--- ABOUT THIS EXERCISE ---
Return the listing exactly, please; no pictures.

--- GIVEN INFORMATION ---
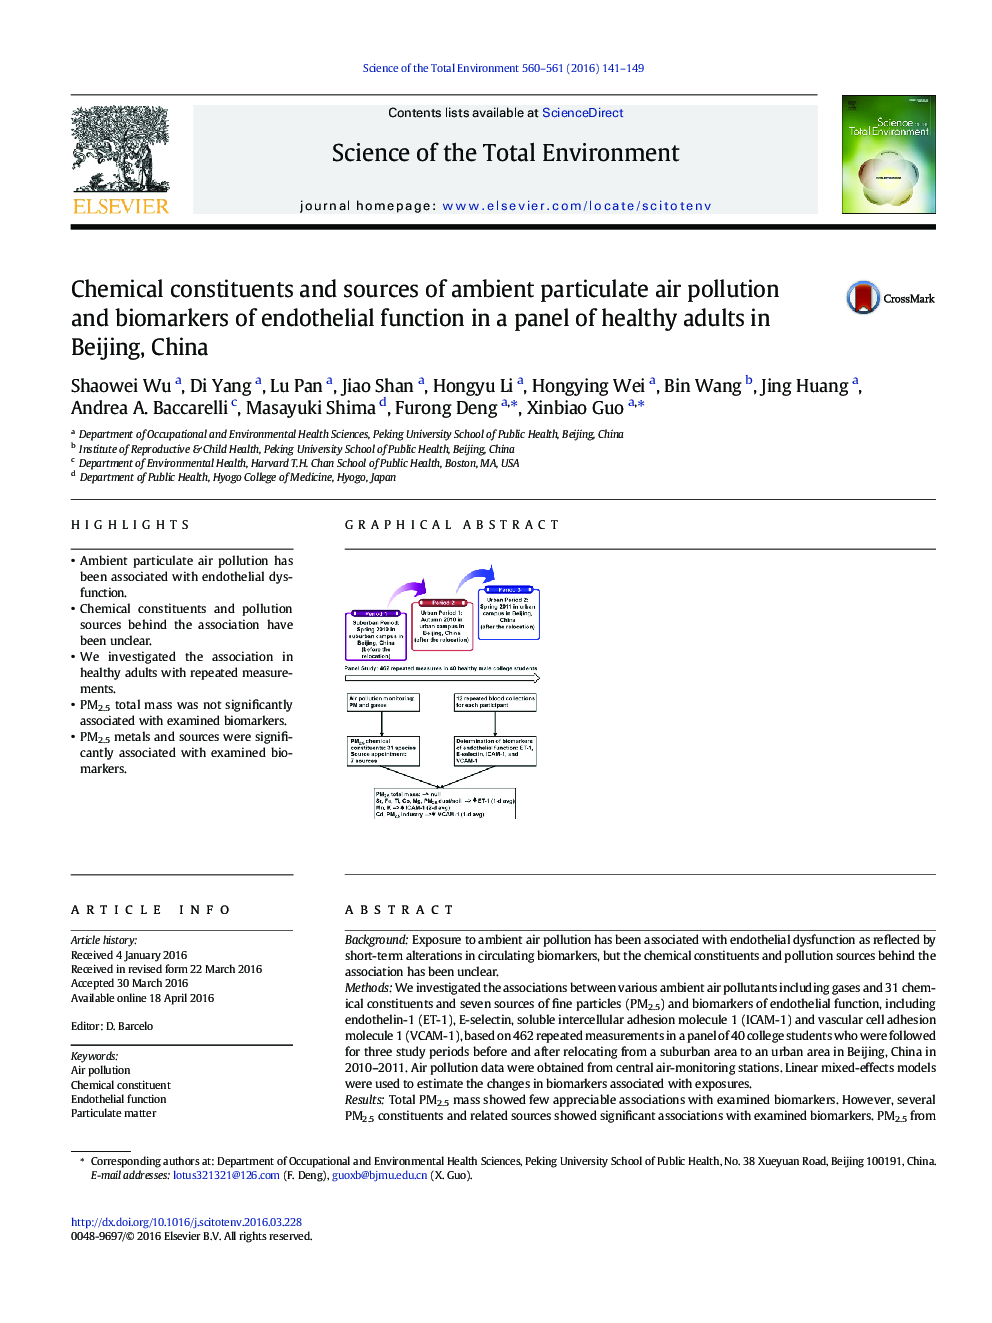 Chemical constituents and sources of ambient particulate air pollution and biomarkers of endothelial function in a panel of healthy adults in Beijing, China
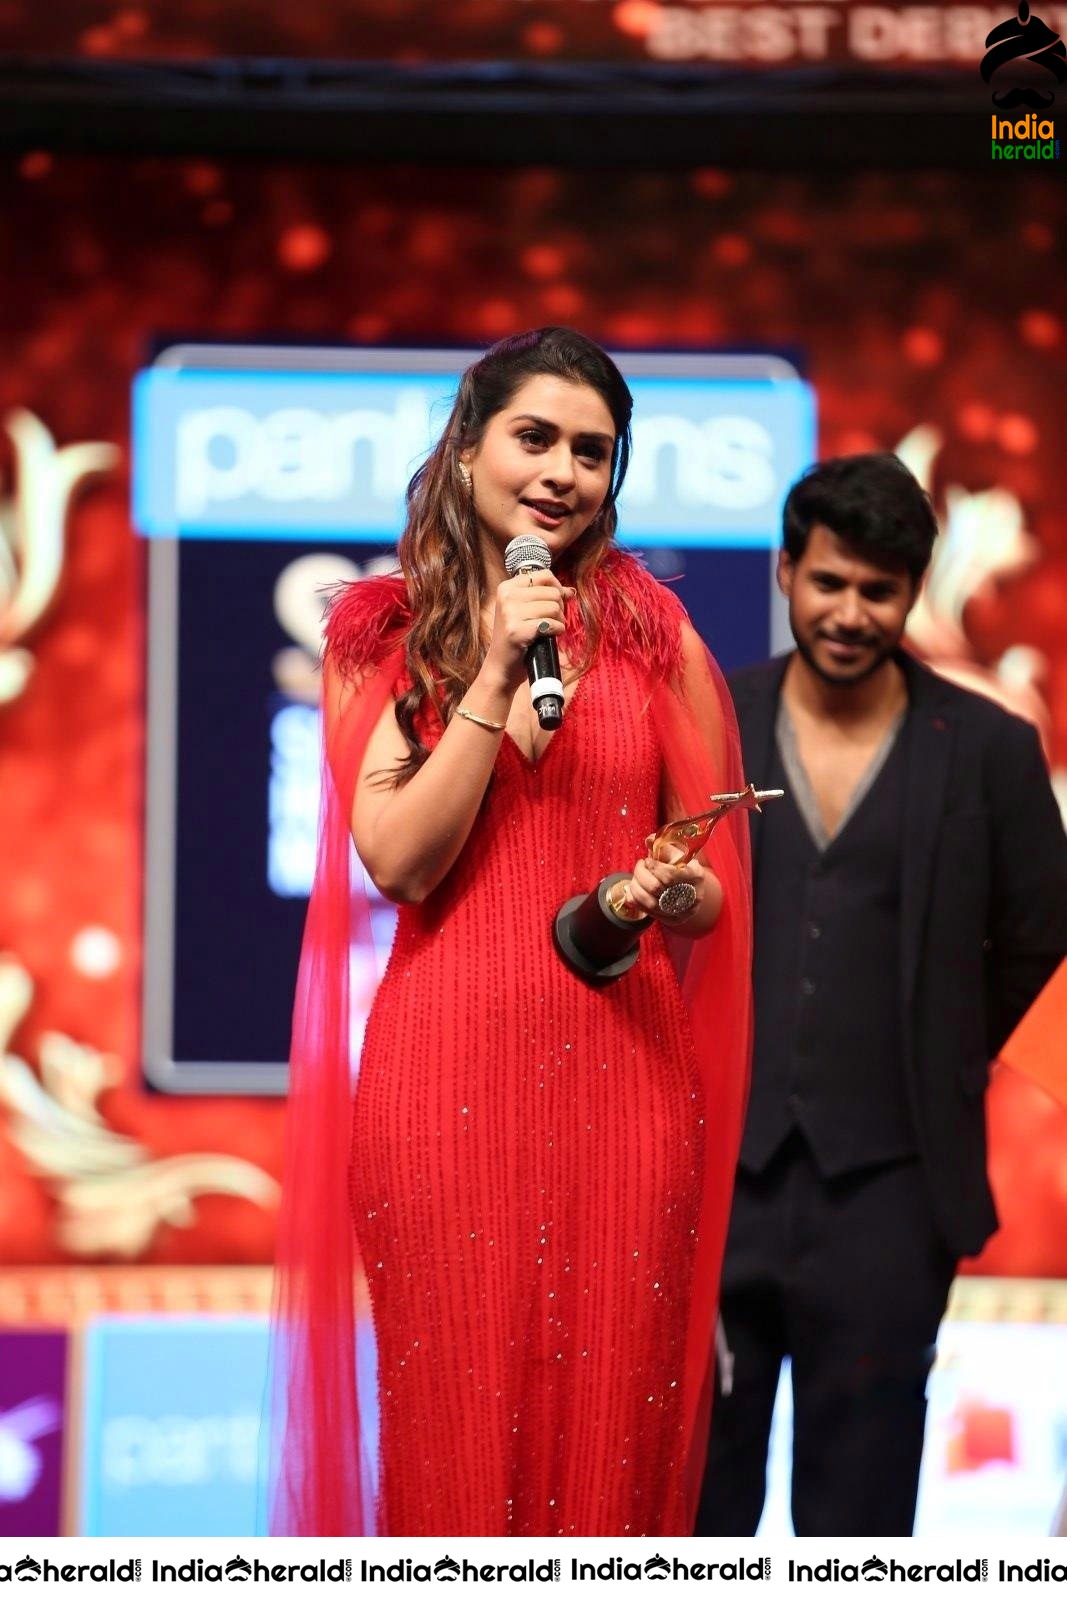 Rare and Unseen Photos from SIIMA Awards as a throwback Set 5
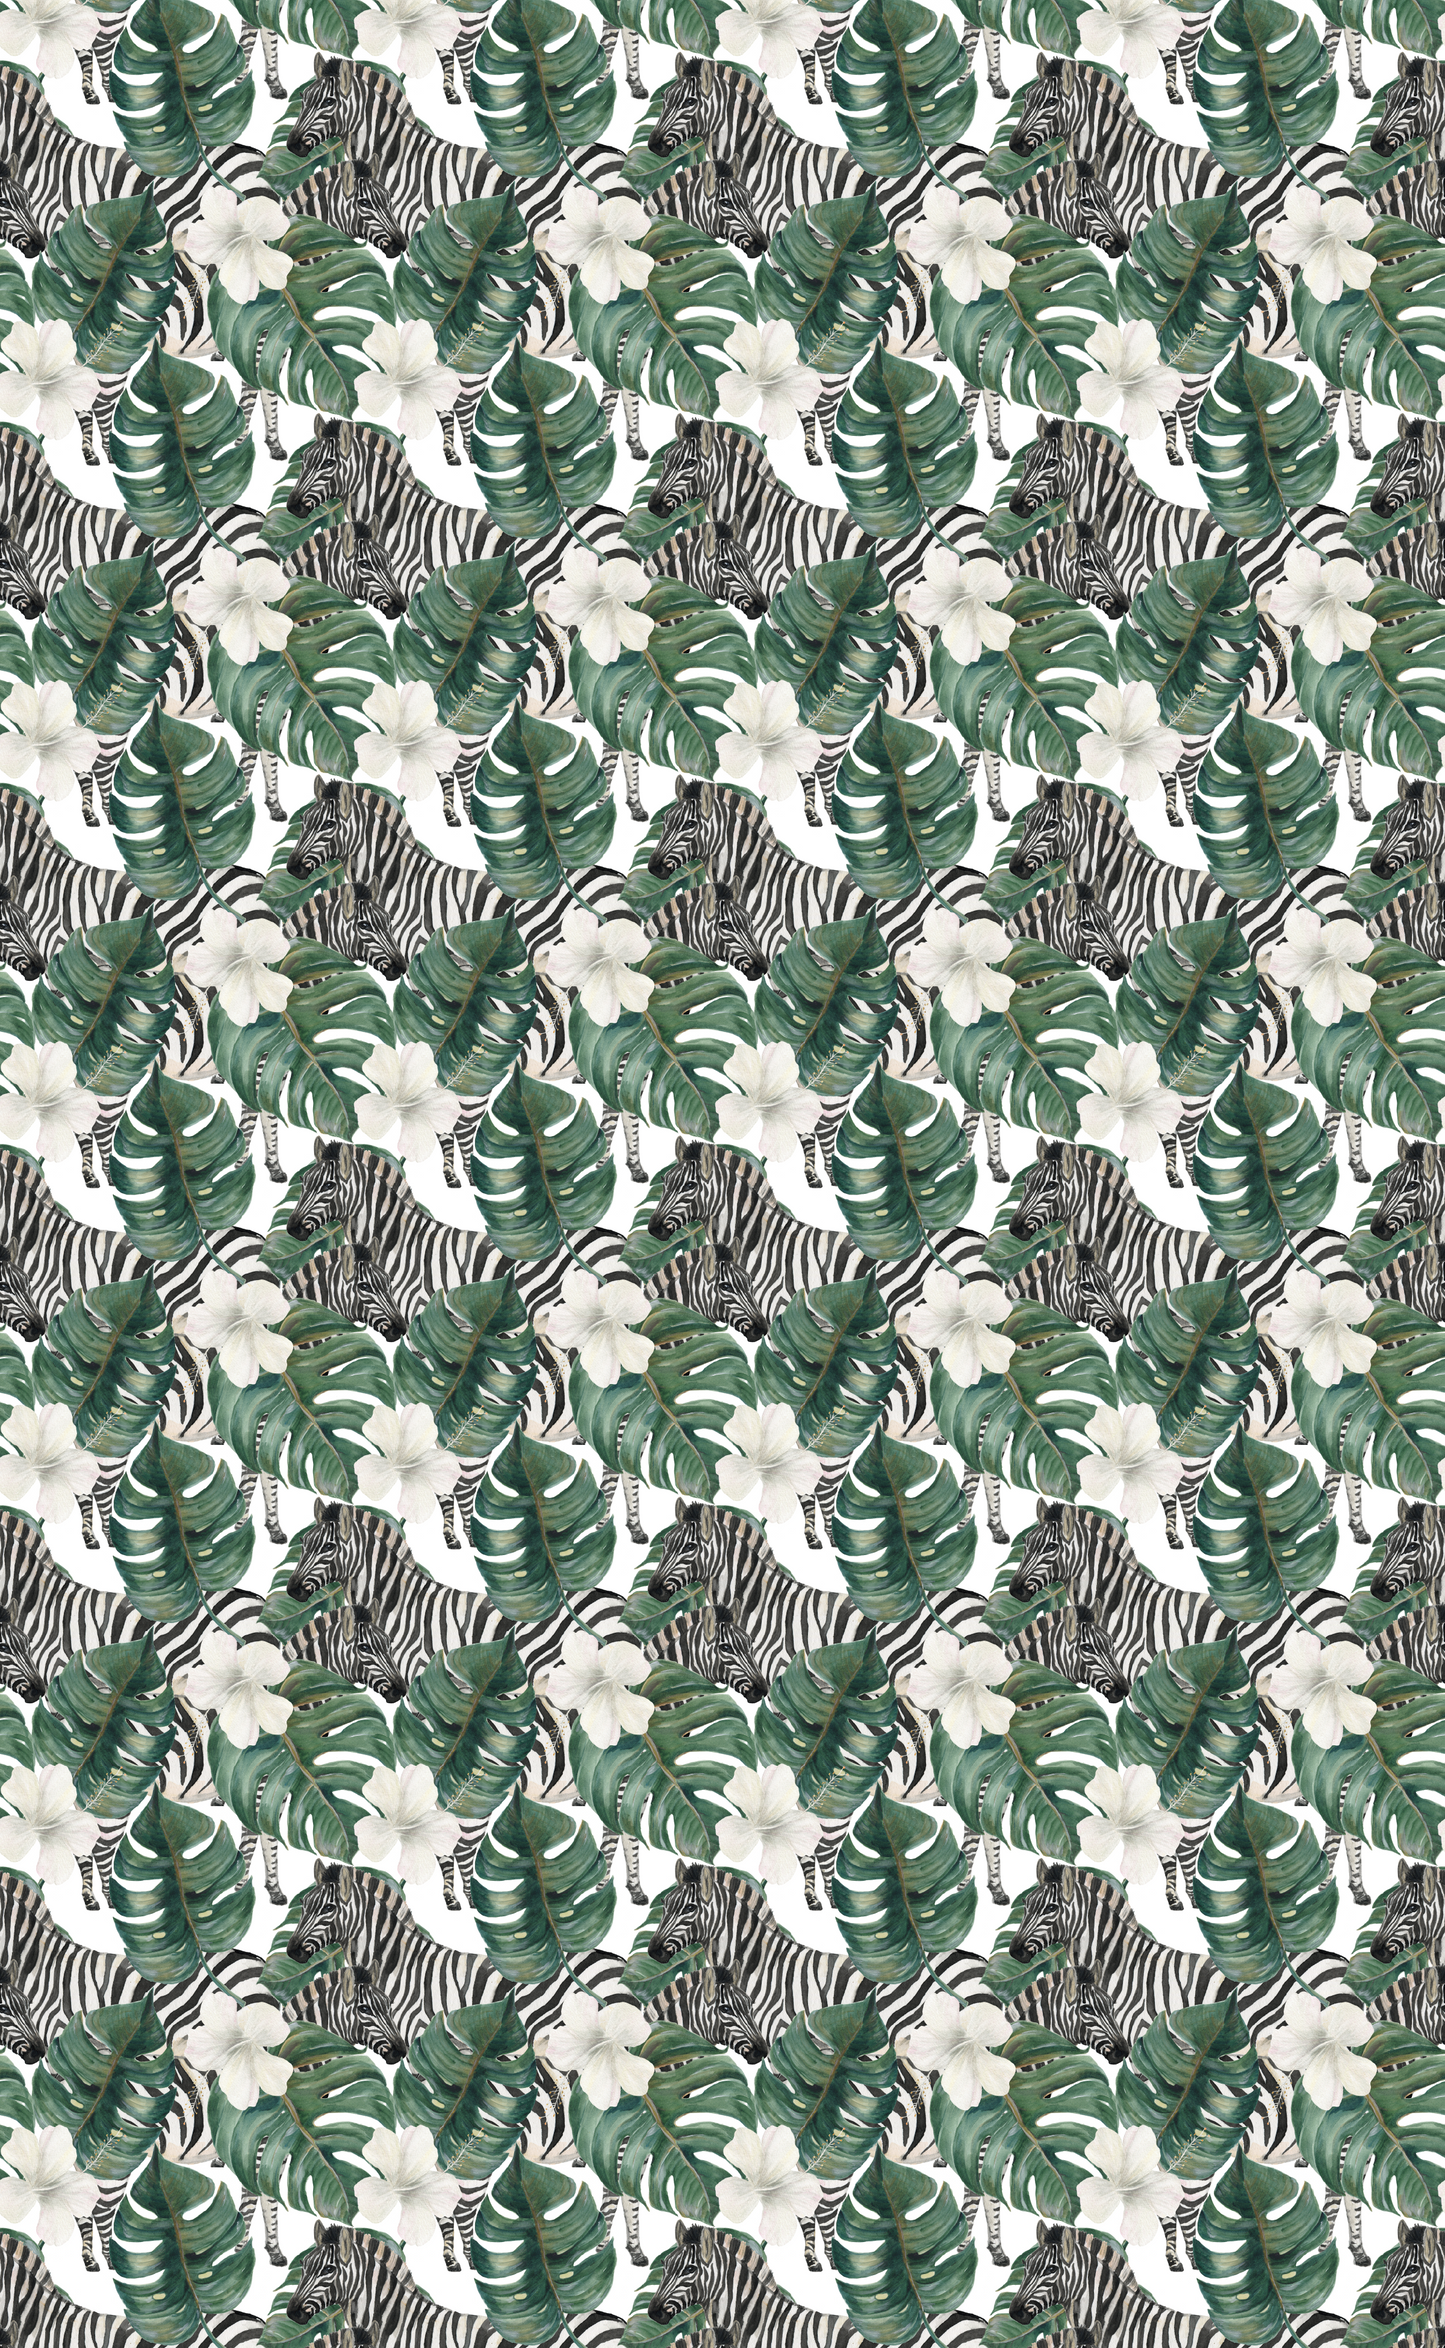 Zebras and Ferns  Faux Leather (8" x 13" Printed Sheet)

--- WRITTEN ANSWER ---
 Chemical constituents and sources of ambient particulate air pollution and biomarkers of endothelial function in a panel of healthy adults in Beijing, China
 Rare and Unseen Photos from SIIMA Awards as a throwback Set 5
 Zebras and Ferns  Faux Leather (8" x 13" Printed Sheet)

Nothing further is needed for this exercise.